MATERIAL PROVIDED —
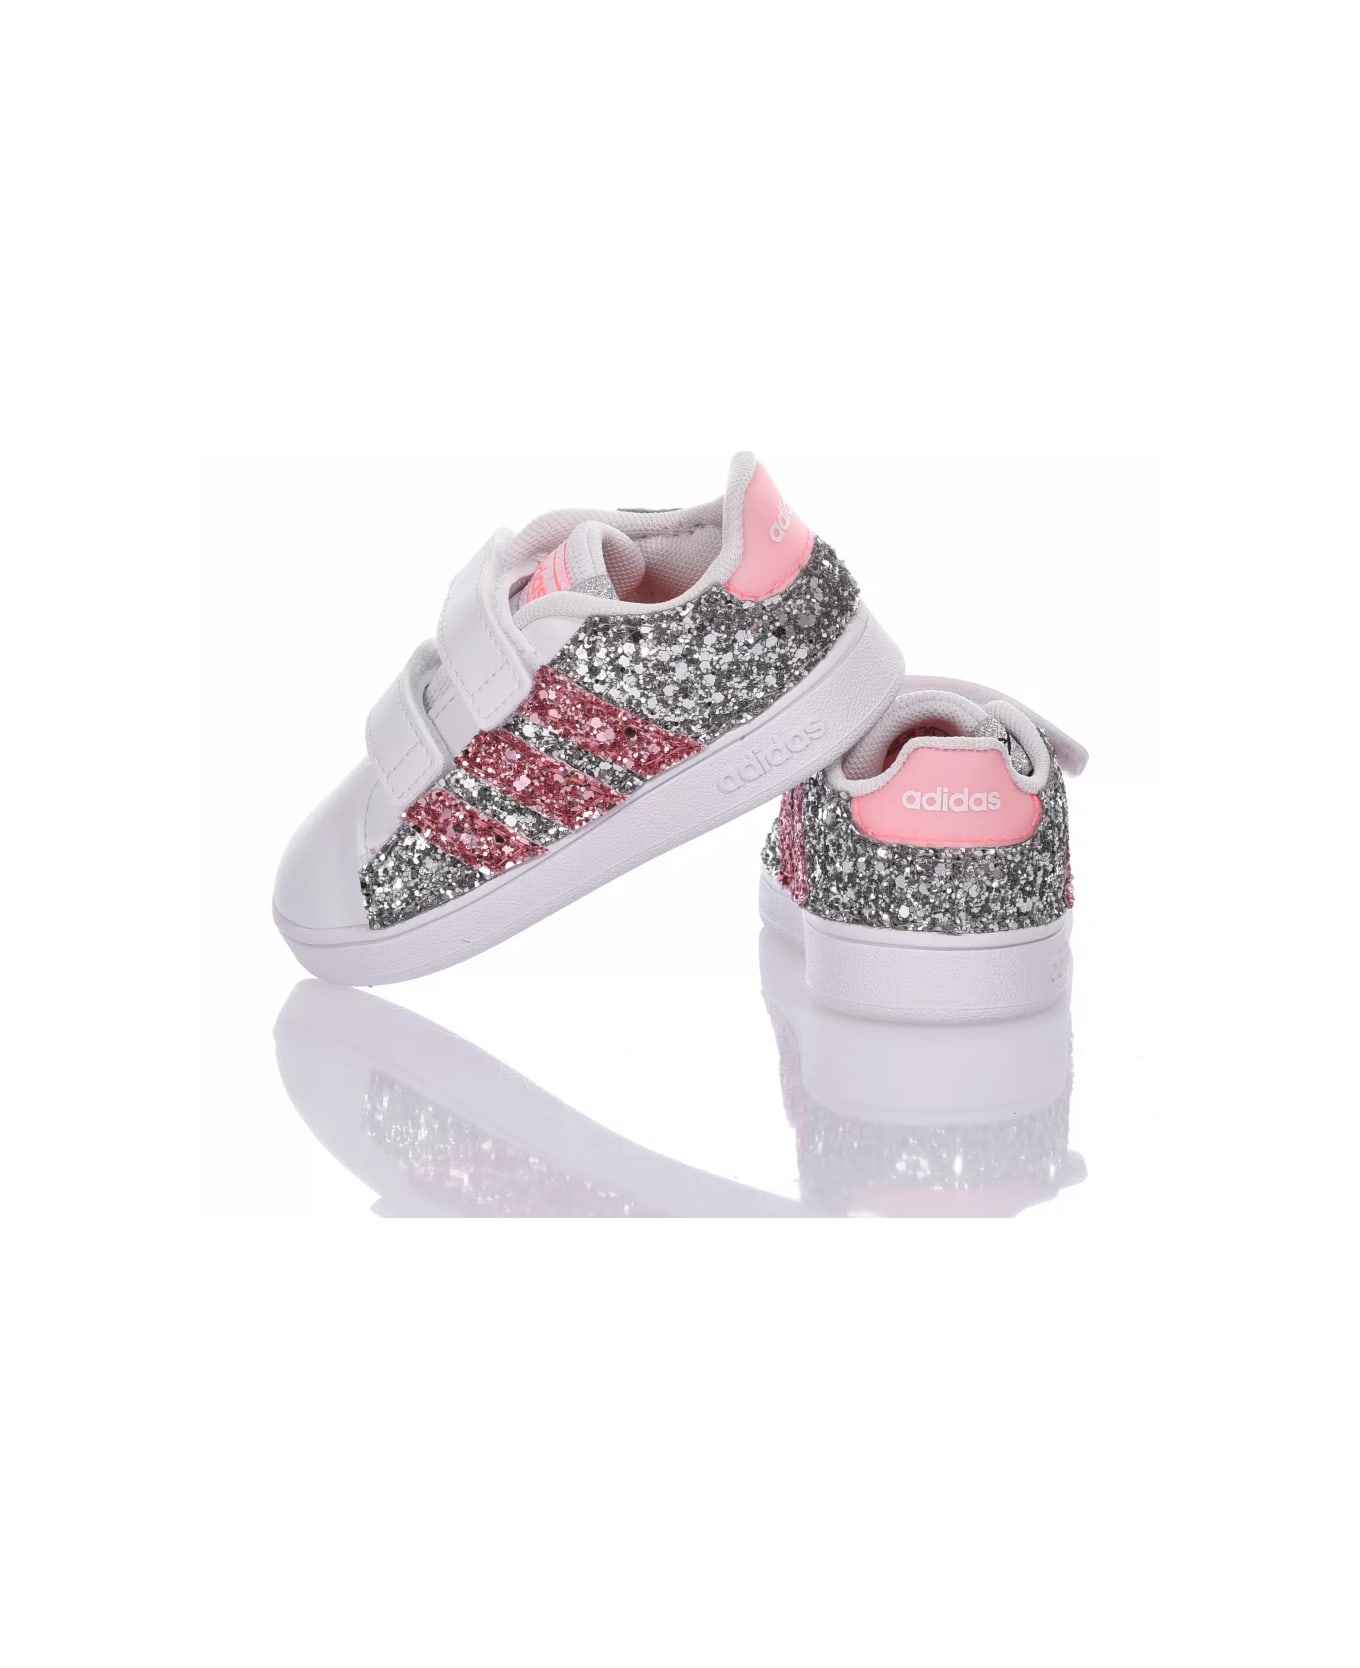 Mimanera Adidas Baby Glitter Pink Customized Mimanera
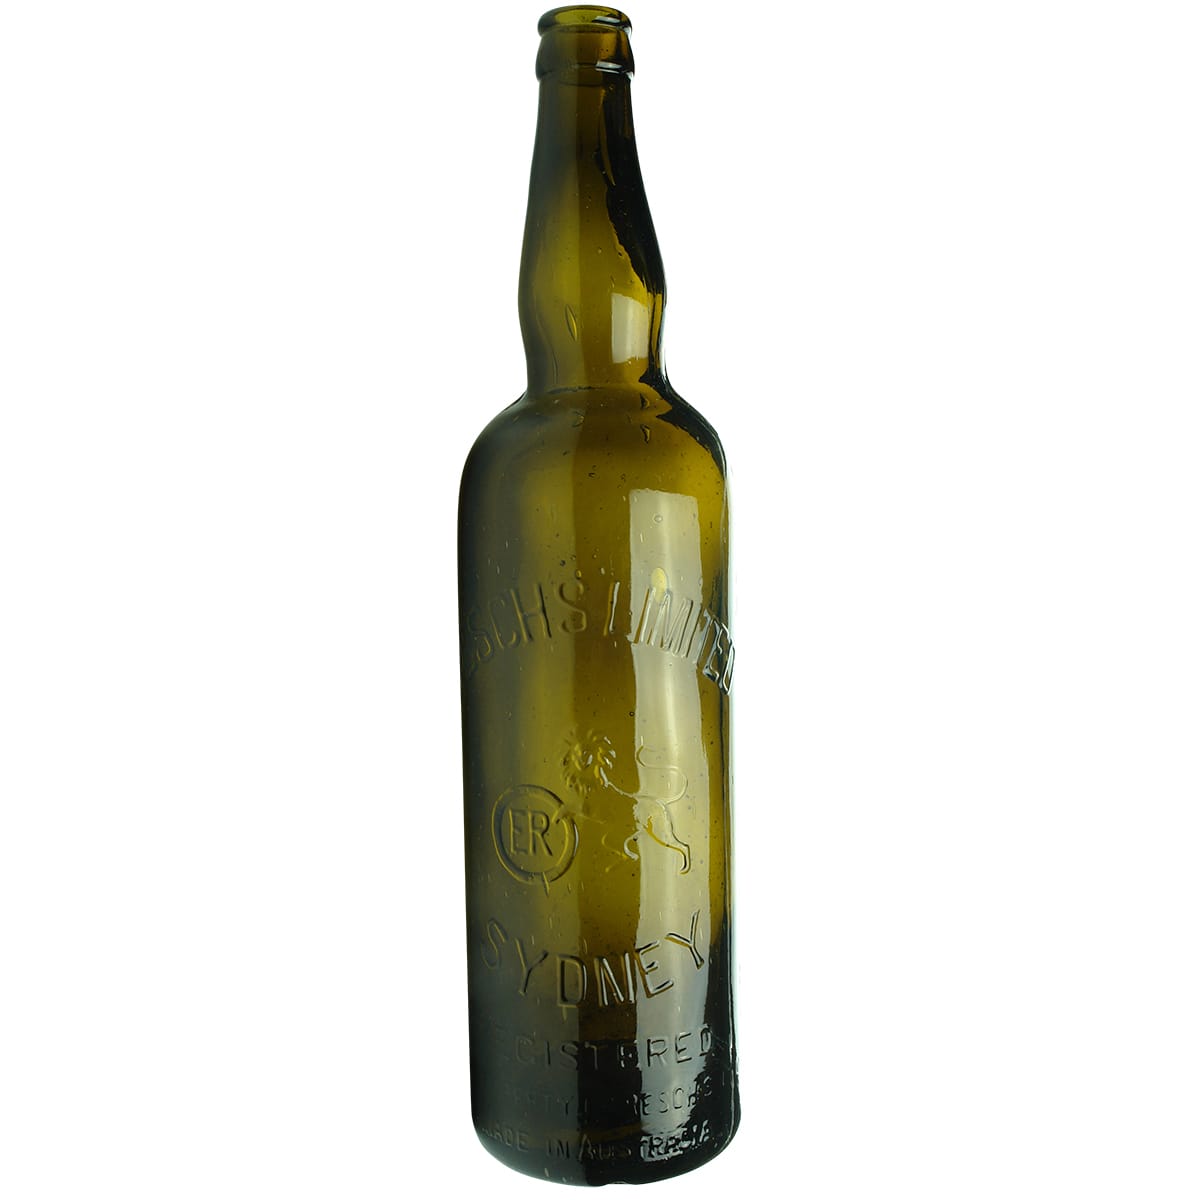 Beer. Resch's Sydney. Crown Seal. Shouldered. Green.
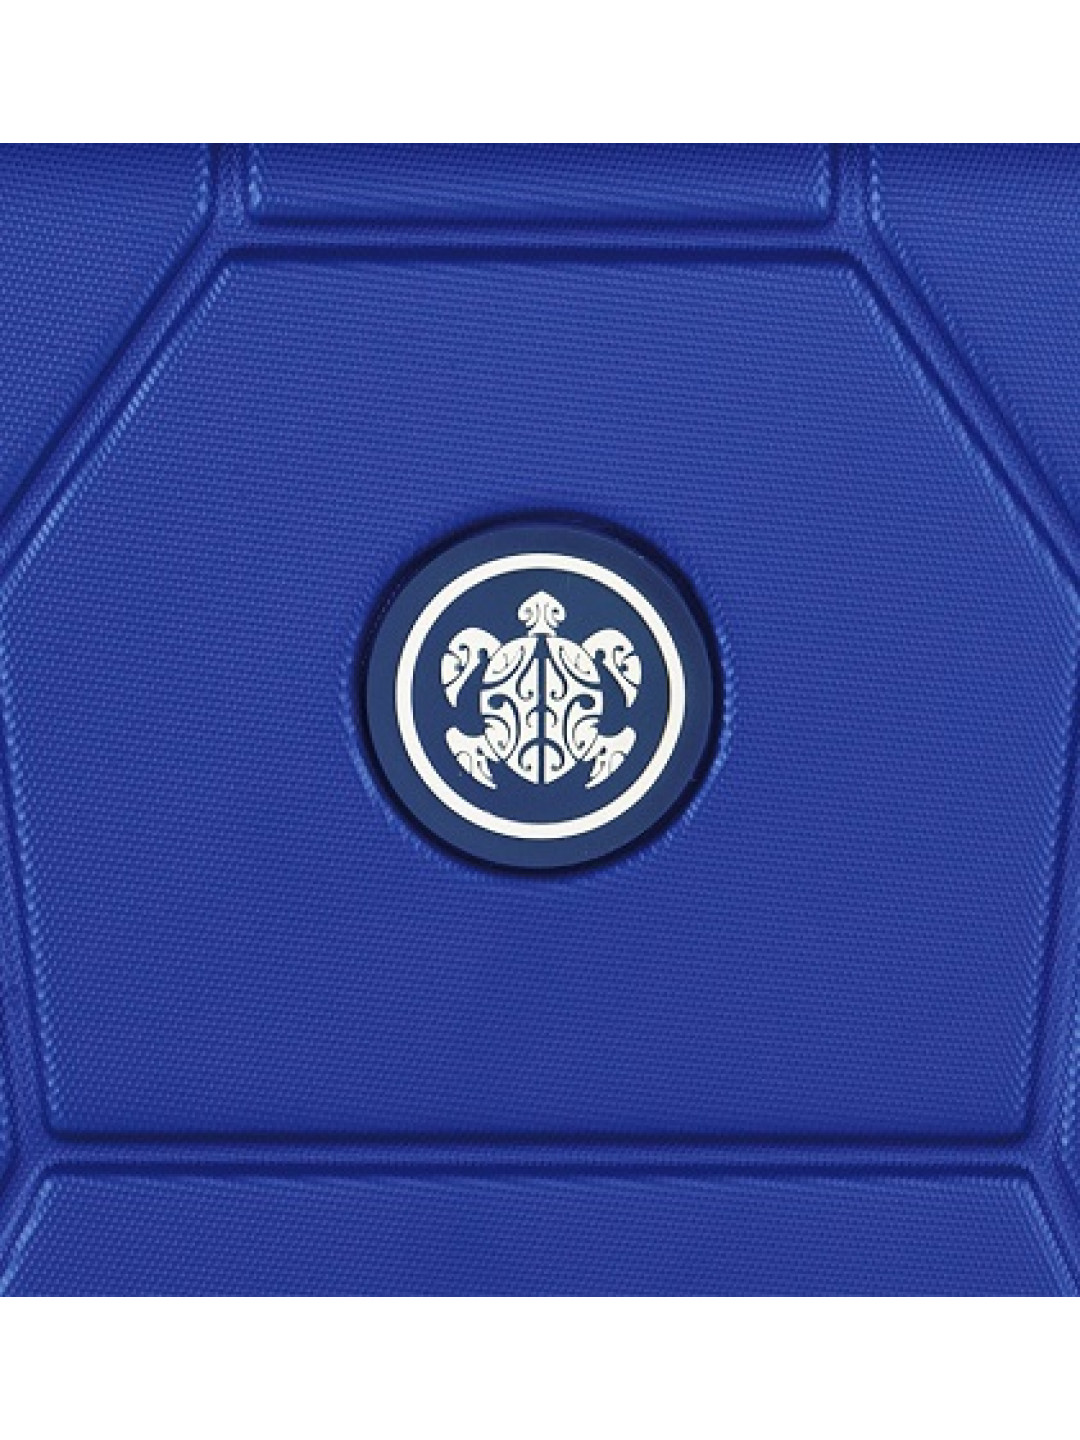 SUITSUIT TR-1225 3-L ABS Caretta Dazzling Blue
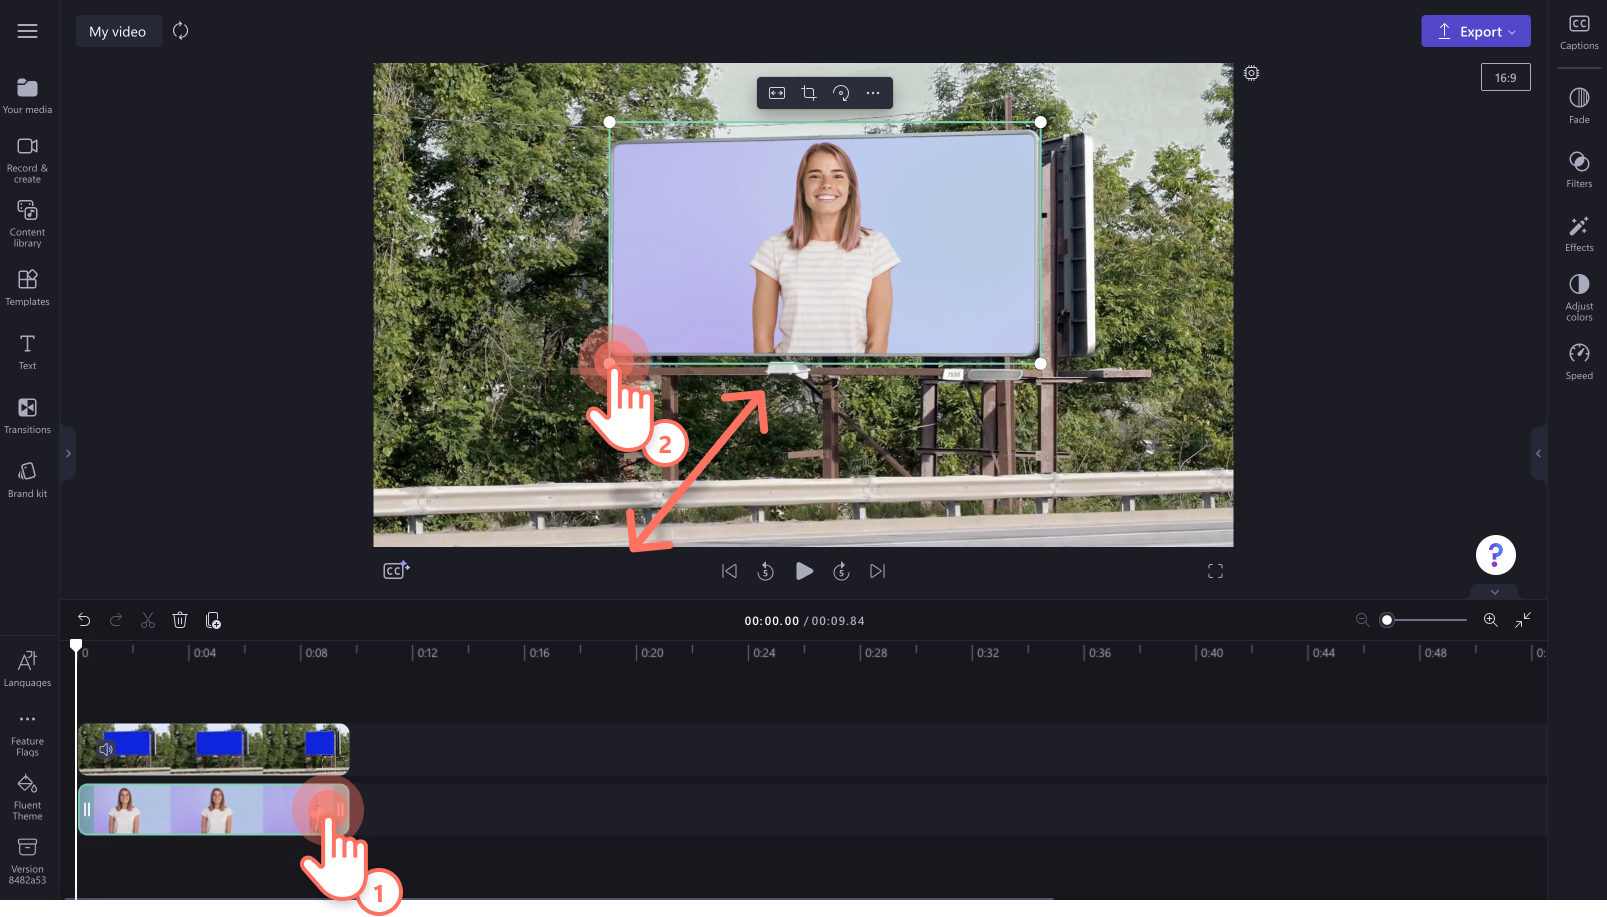 Hình ảnh người dùng đang chỉnh sửa kích cỡ video bằng các góc chỉnh sửa trên bản xem trước video.

EXERCISE BRIEF — Everything in the listing must be copied exactly except the pictures.

OUTPUT OF THE EXERCISE —
 Mimanera Adidas Baby Glitter Pink Customized Mimanera
 Beer. Resch's Sydney. Crown Seal. Shouldered. Green.
 SUITSUIT TR-1225 3-L ABS Caretta Dazzling Blue
 Hình ảnh người dùng đang chỉnh sửa kích cỡ video bằng các góc chỉnh sửa trên bản xem trước video.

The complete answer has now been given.